(Dataset records)
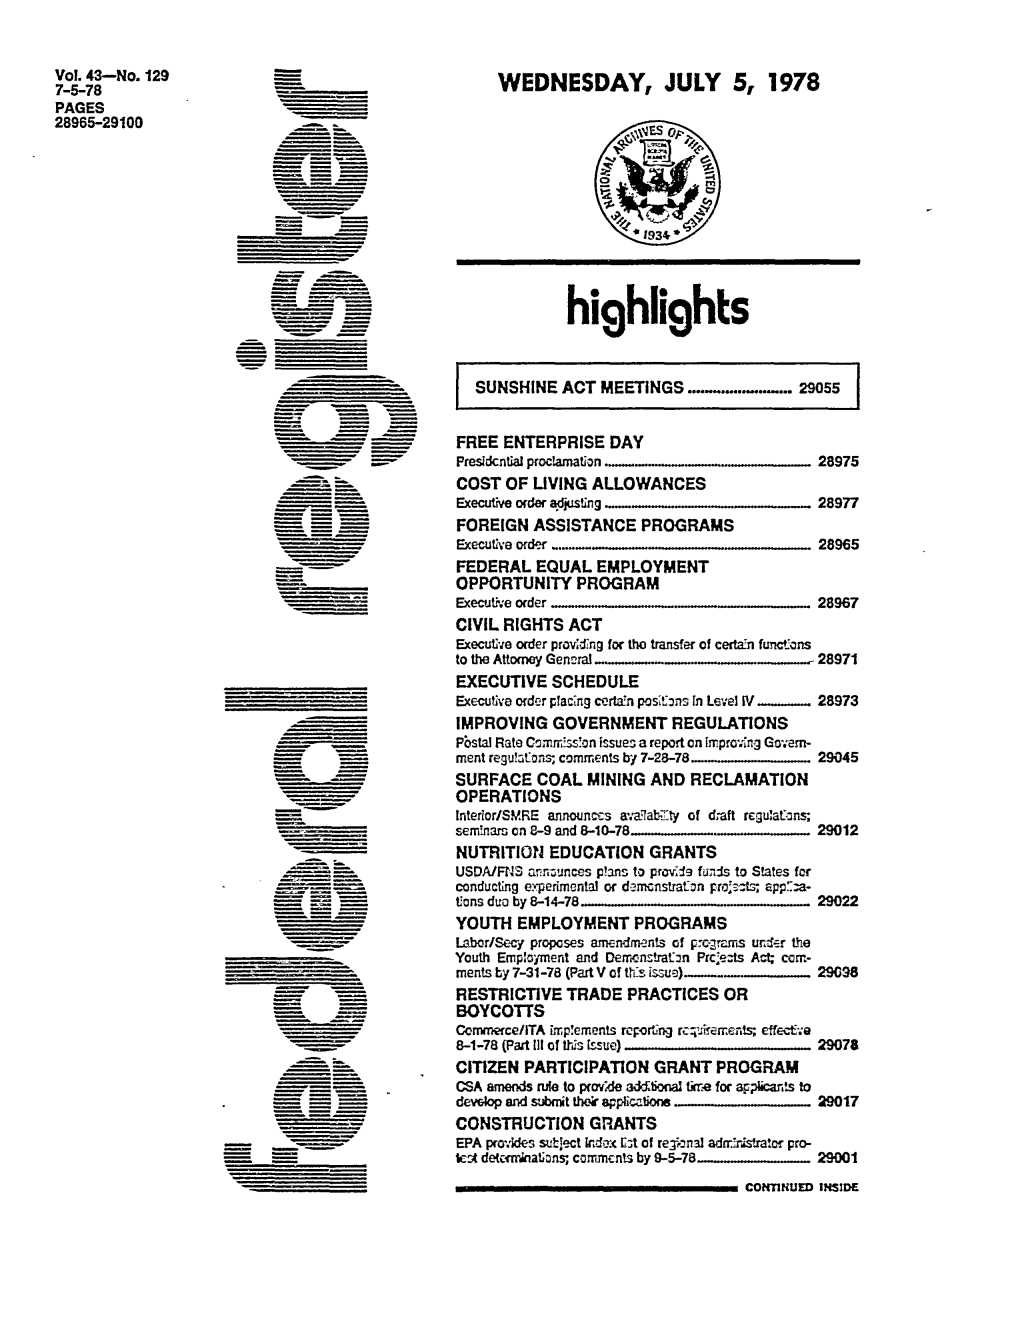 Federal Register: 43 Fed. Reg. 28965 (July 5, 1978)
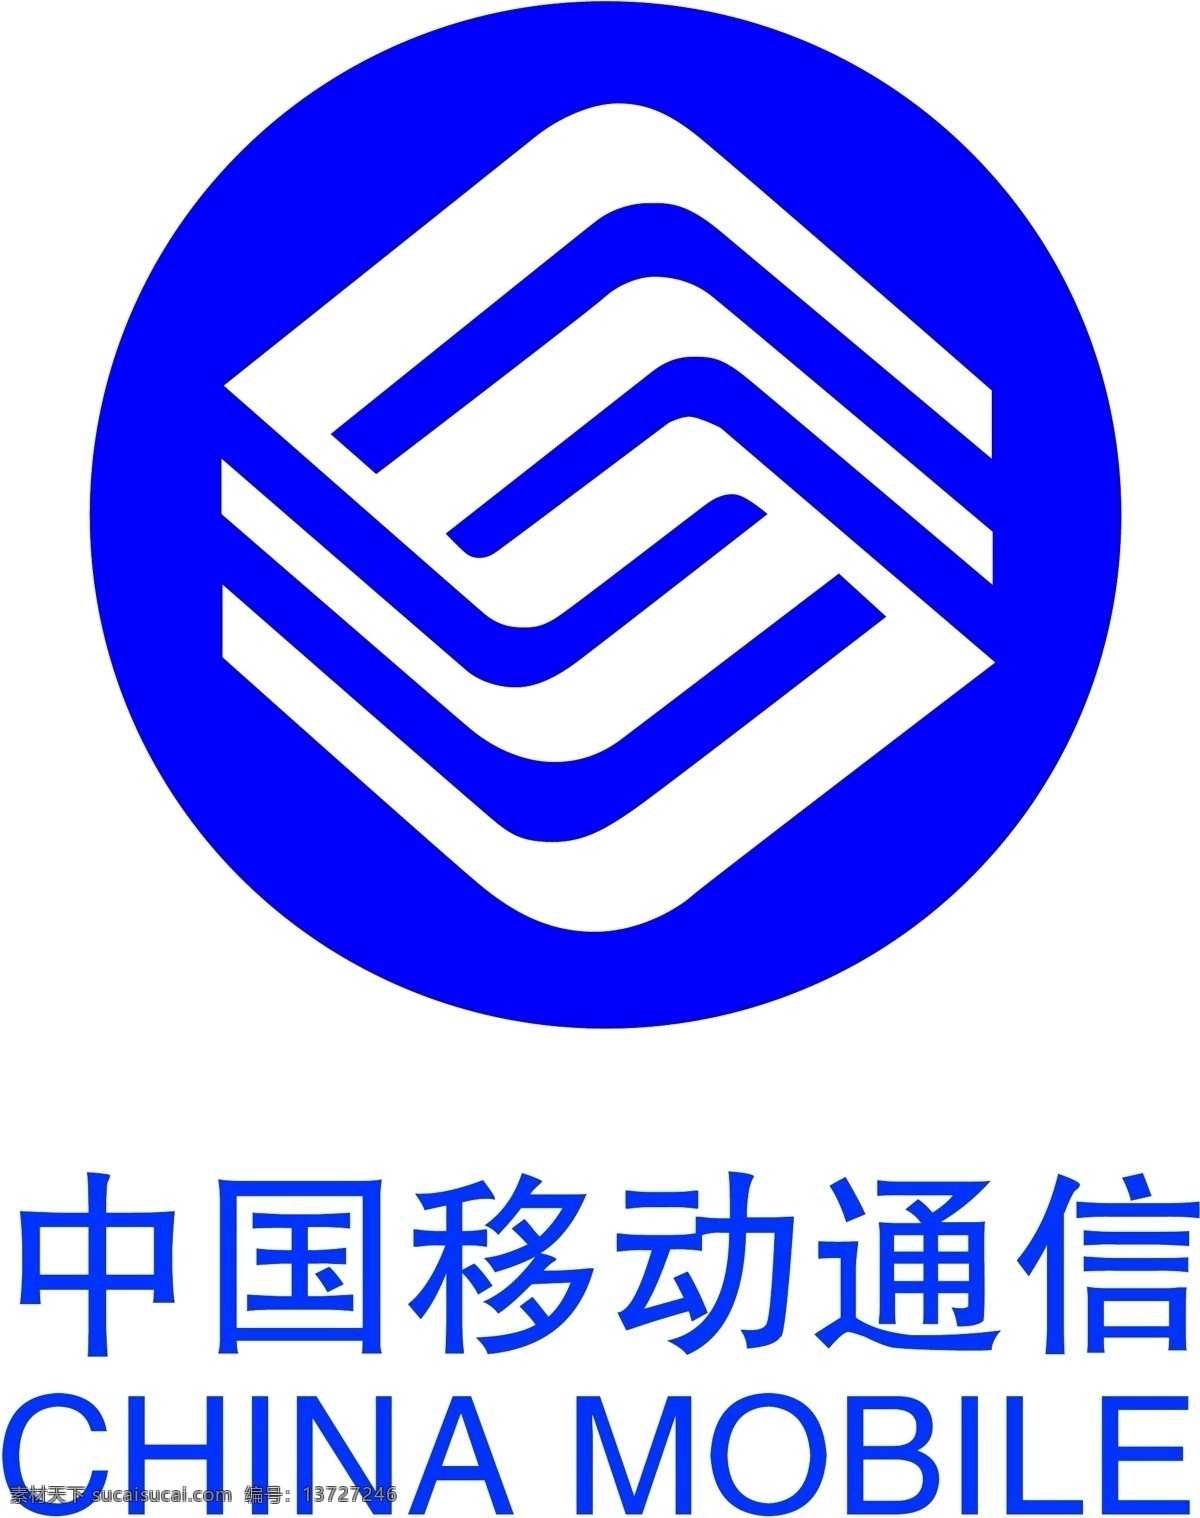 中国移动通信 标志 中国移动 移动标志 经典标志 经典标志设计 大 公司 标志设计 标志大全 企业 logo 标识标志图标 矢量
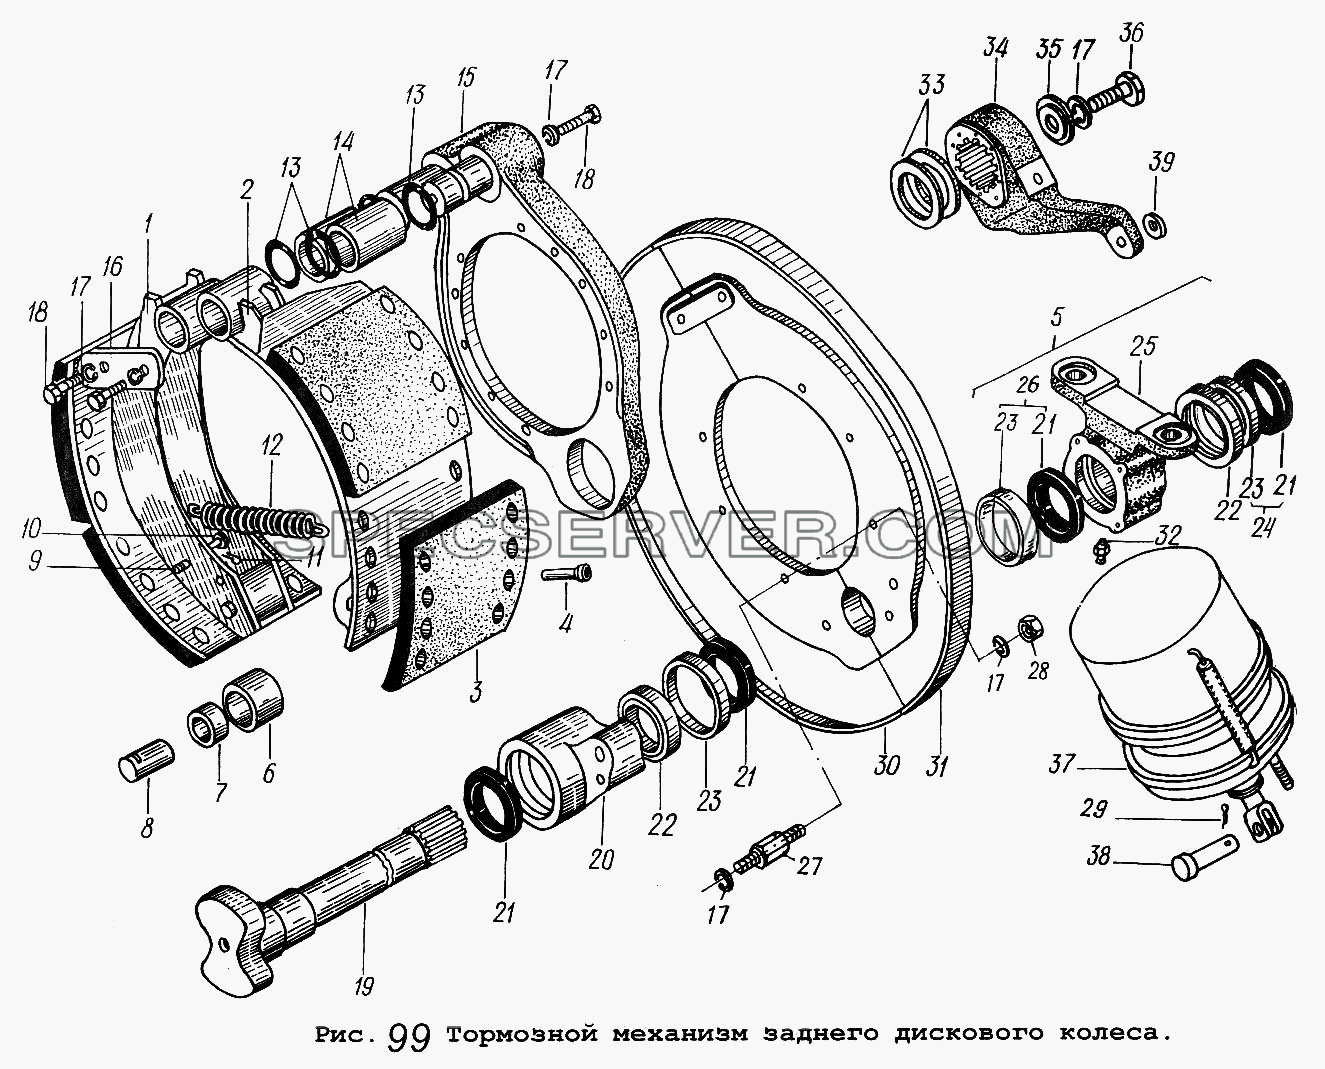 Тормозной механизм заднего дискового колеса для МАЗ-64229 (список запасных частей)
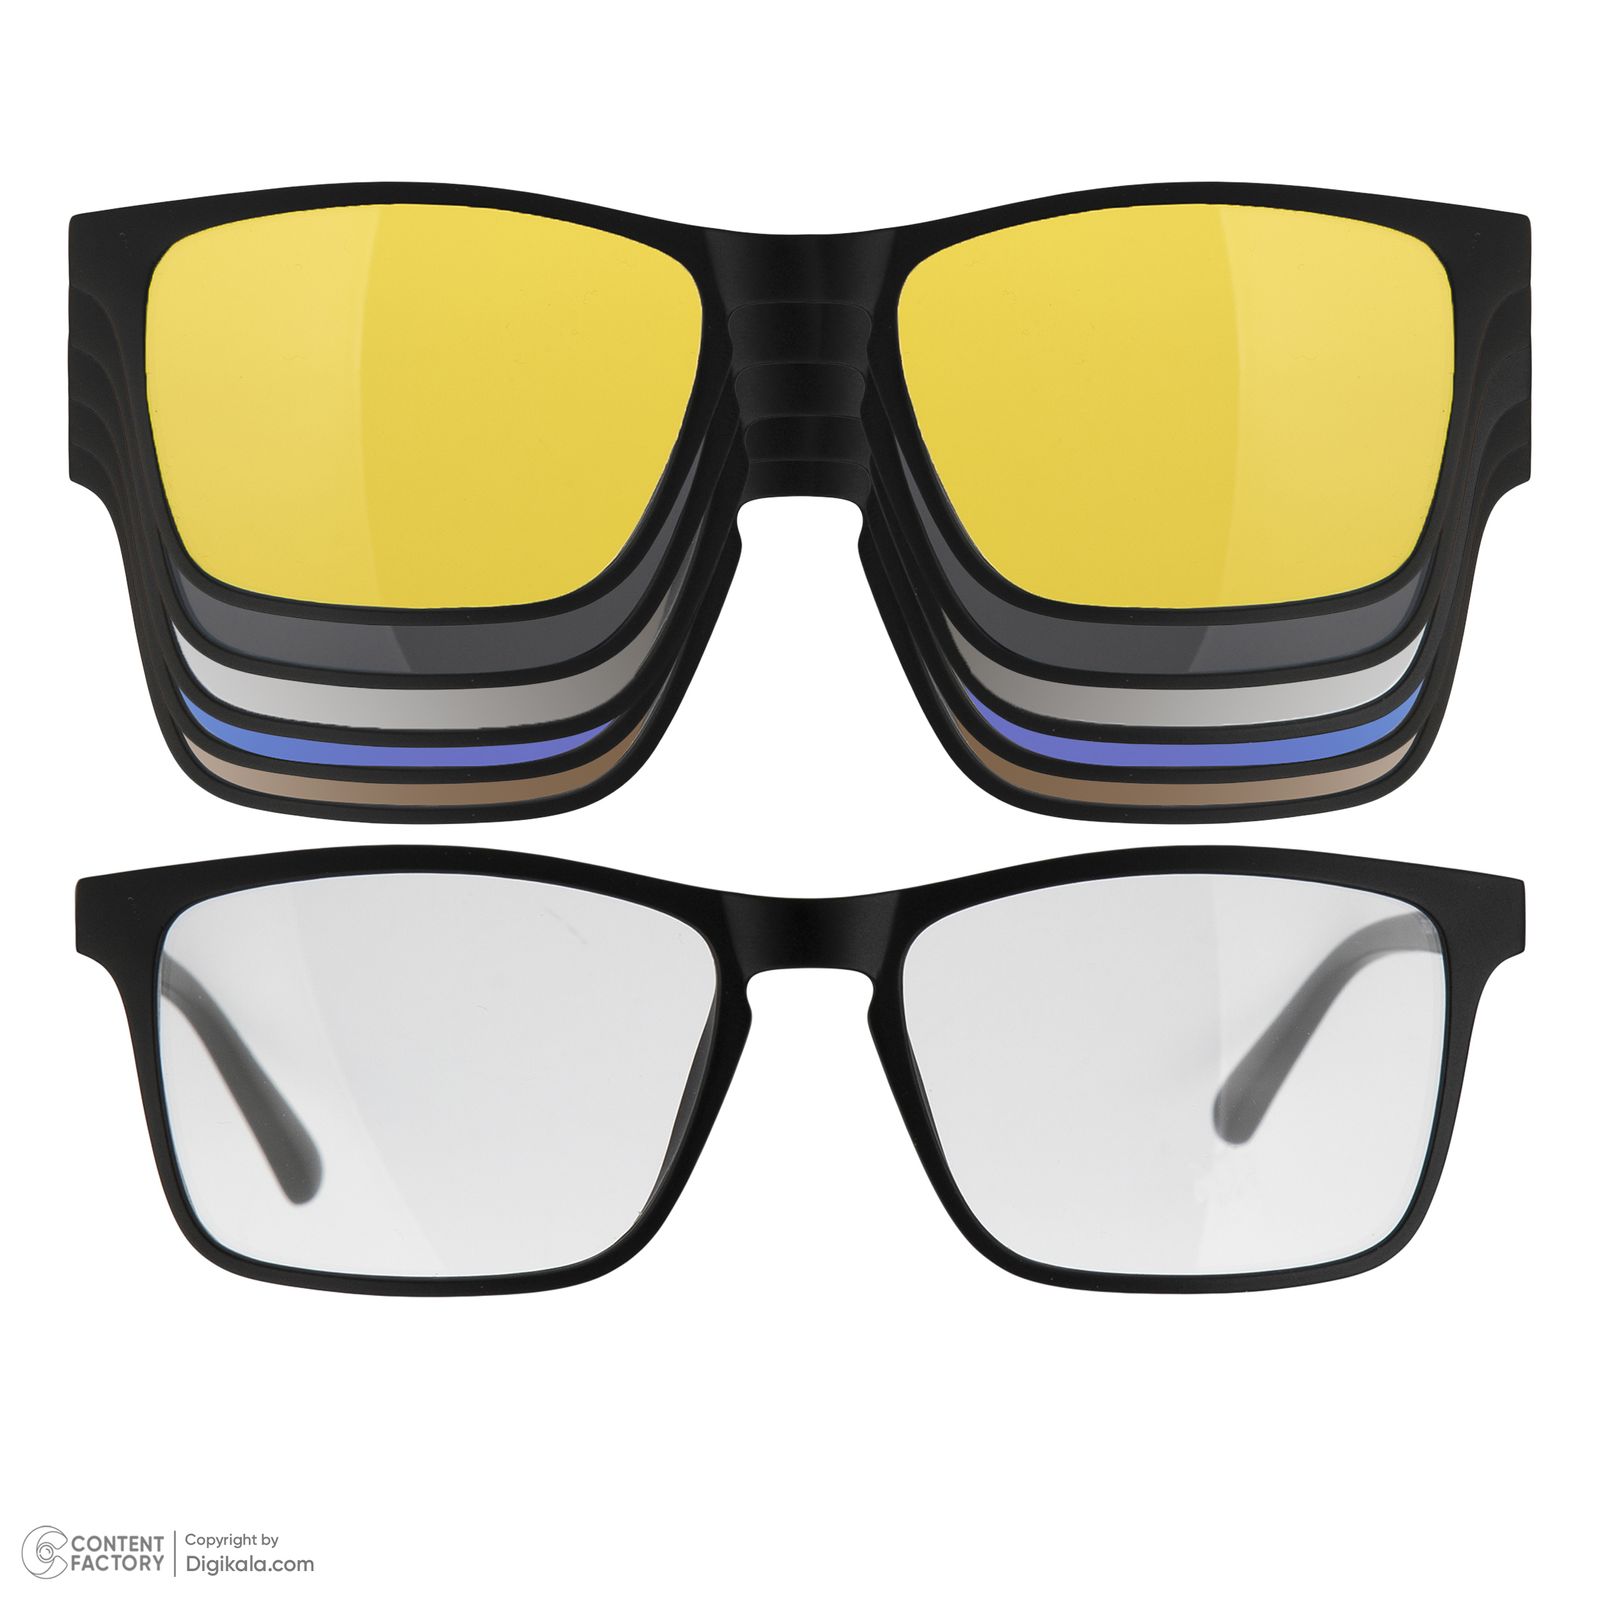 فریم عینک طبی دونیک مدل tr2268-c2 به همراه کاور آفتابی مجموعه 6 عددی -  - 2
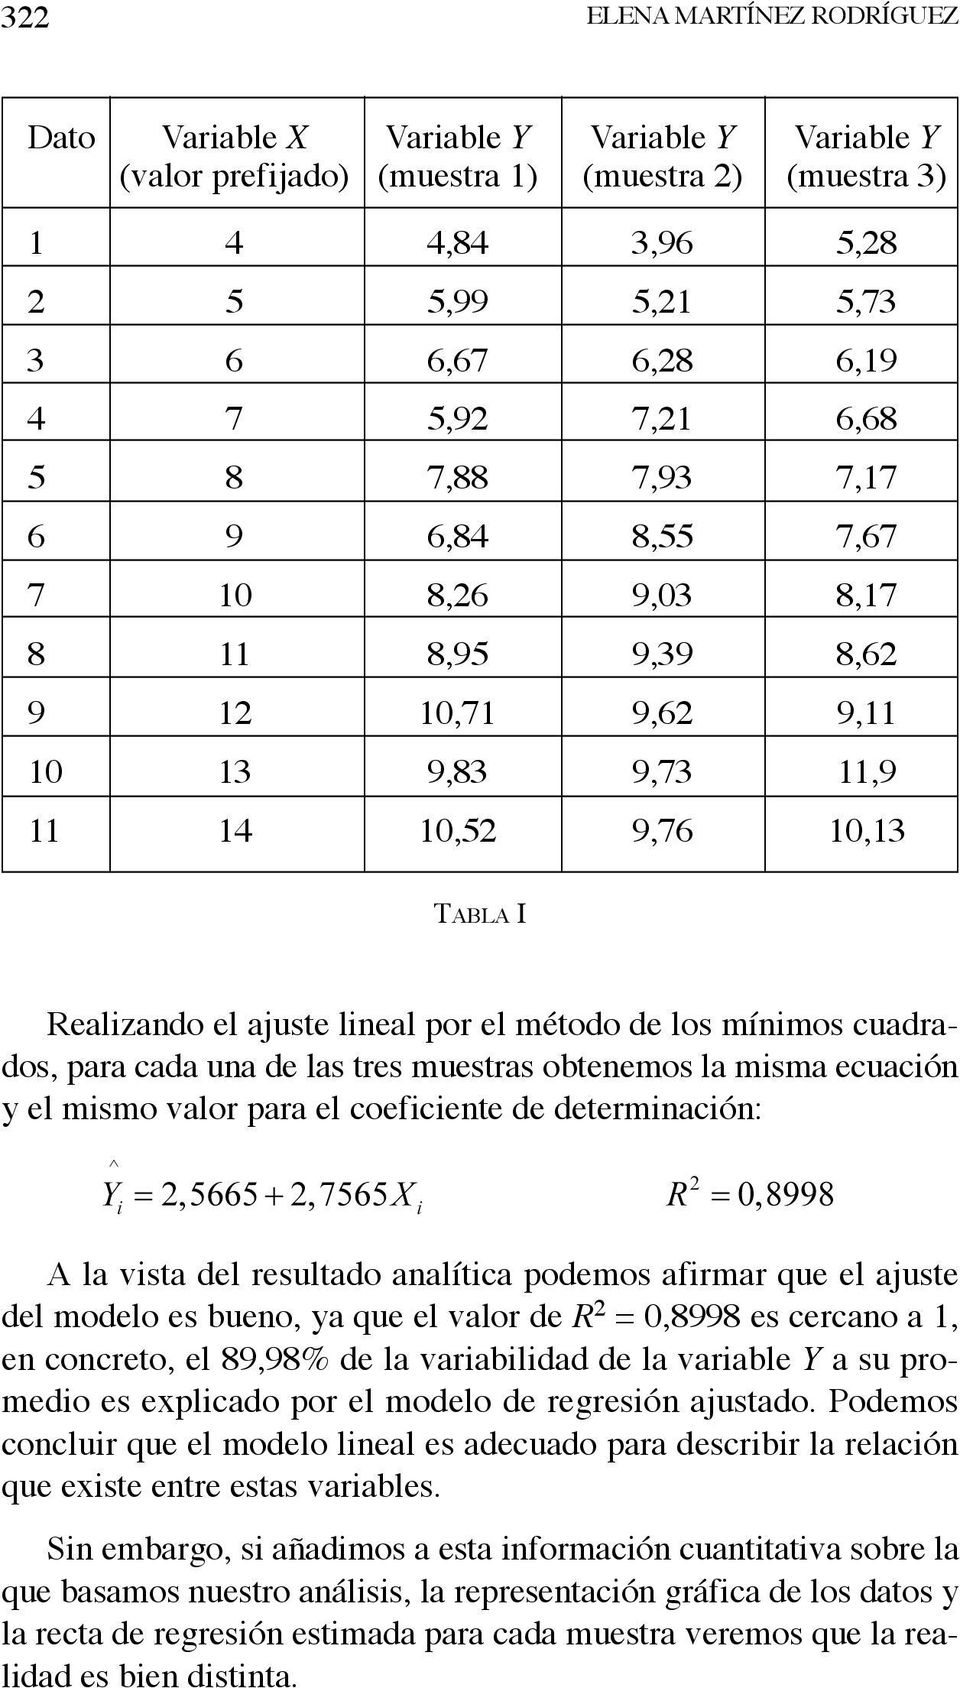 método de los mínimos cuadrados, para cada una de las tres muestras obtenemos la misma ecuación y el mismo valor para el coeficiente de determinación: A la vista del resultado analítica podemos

Work request = Output the records above exactly as they are, leaving out the pictures.

Written response =
 Federal Register: 43 Fed. Reg. 28965 (July 5, 1978)
 中国移动通信 标志 中国移动 移动标志 经典标志 经典标志设计 大 公司 标志设计 标志大全 企业 logo 标识标志图标 矢量
 Тормозной механизм заднего дискового колеса для МАЗ-64229 (список запасных частей)
 فریم عینک طبی دونیک مدل tr2268-c2 به همراه کاور آفتابی مجموعه 6 عددی -  - 2
 método de los mínimos cuadrados, para cada una de las tres muestras obtenemos la misma ecuación y el mismo valor para el coeficiente de determinación: A la vista del resultado analítica podemos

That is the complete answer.